If pictures appear in the lines below, skip them and copy exactly the lines from the one containing "Garfield 1998-2000 nº" through the one containing "Casa indipendente in", and nothing else.

Materials provided –

####################

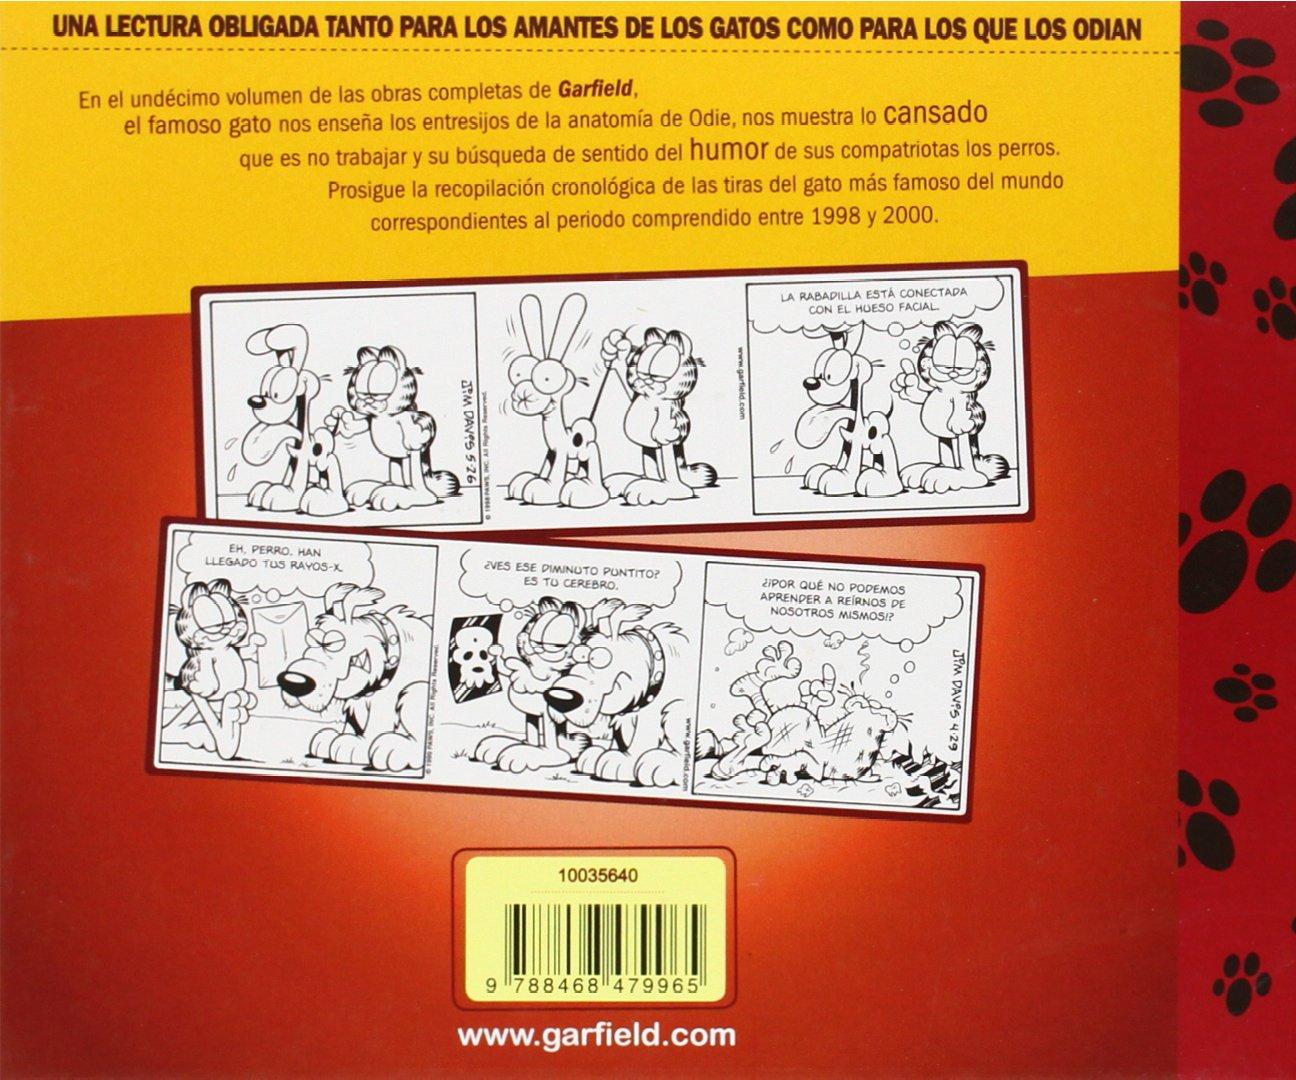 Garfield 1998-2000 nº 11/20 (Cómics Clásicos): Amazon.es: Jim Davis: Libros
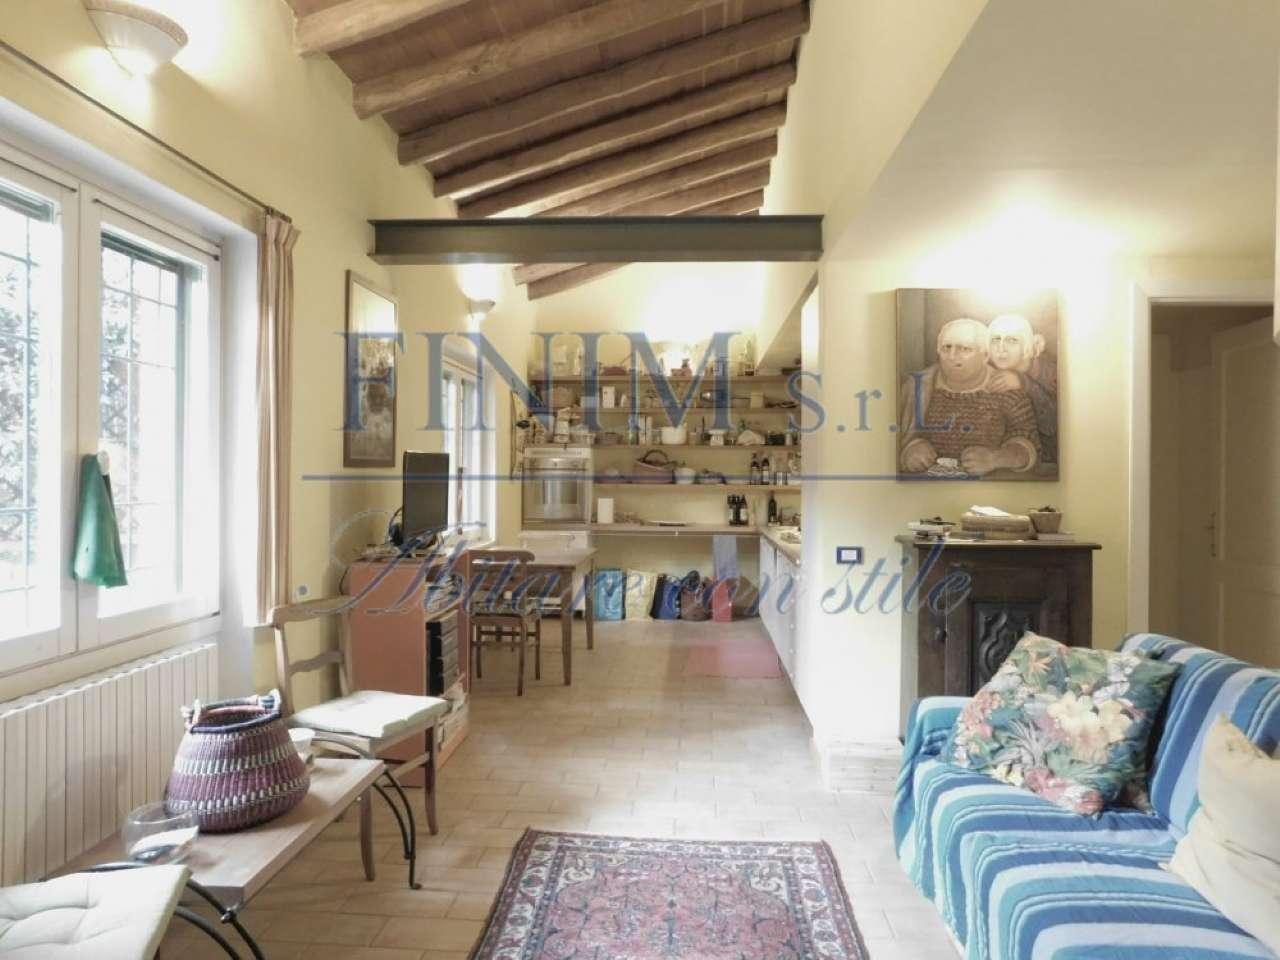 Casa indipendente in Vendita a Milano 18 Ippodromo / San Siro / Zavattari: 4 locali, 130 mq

####################

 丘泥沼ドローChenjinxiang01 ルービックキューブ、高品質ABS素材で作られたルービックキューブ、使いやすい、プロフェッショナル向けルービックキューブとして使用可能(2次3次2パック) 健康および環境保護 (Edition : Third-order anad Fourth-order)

####################

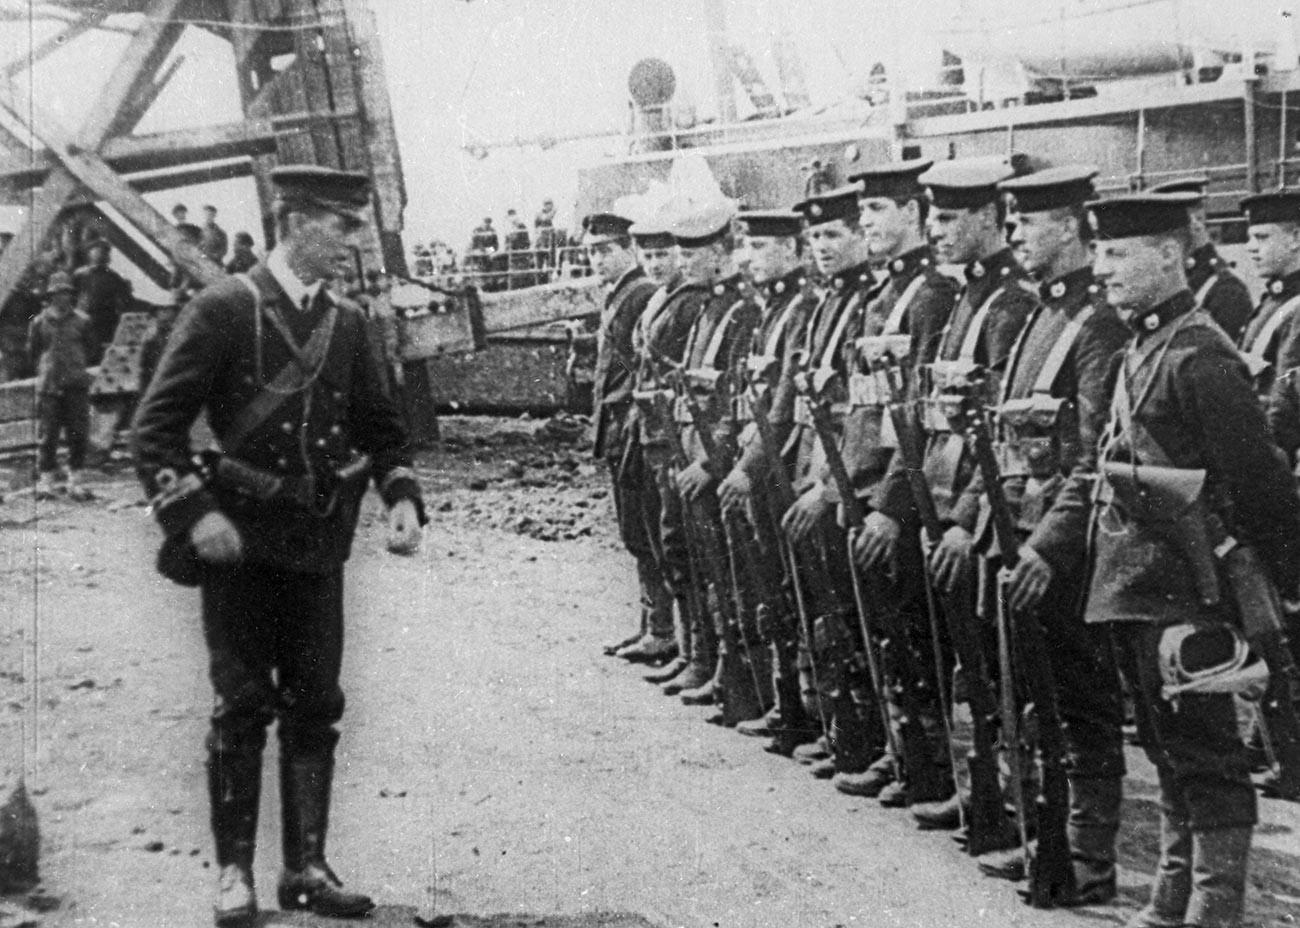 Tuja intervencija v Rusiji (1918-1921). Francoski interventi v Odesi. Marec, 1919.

####################

Final answer –
 Garfield 1998-2000 nº 11/20 (Cómics Clásicos): Amazon.es: Jim Davis: Libros
 Casa indipendente in Vendita a Milano 18 Ippodromo / San Siro / Zavattari: 4 locali, 130 mq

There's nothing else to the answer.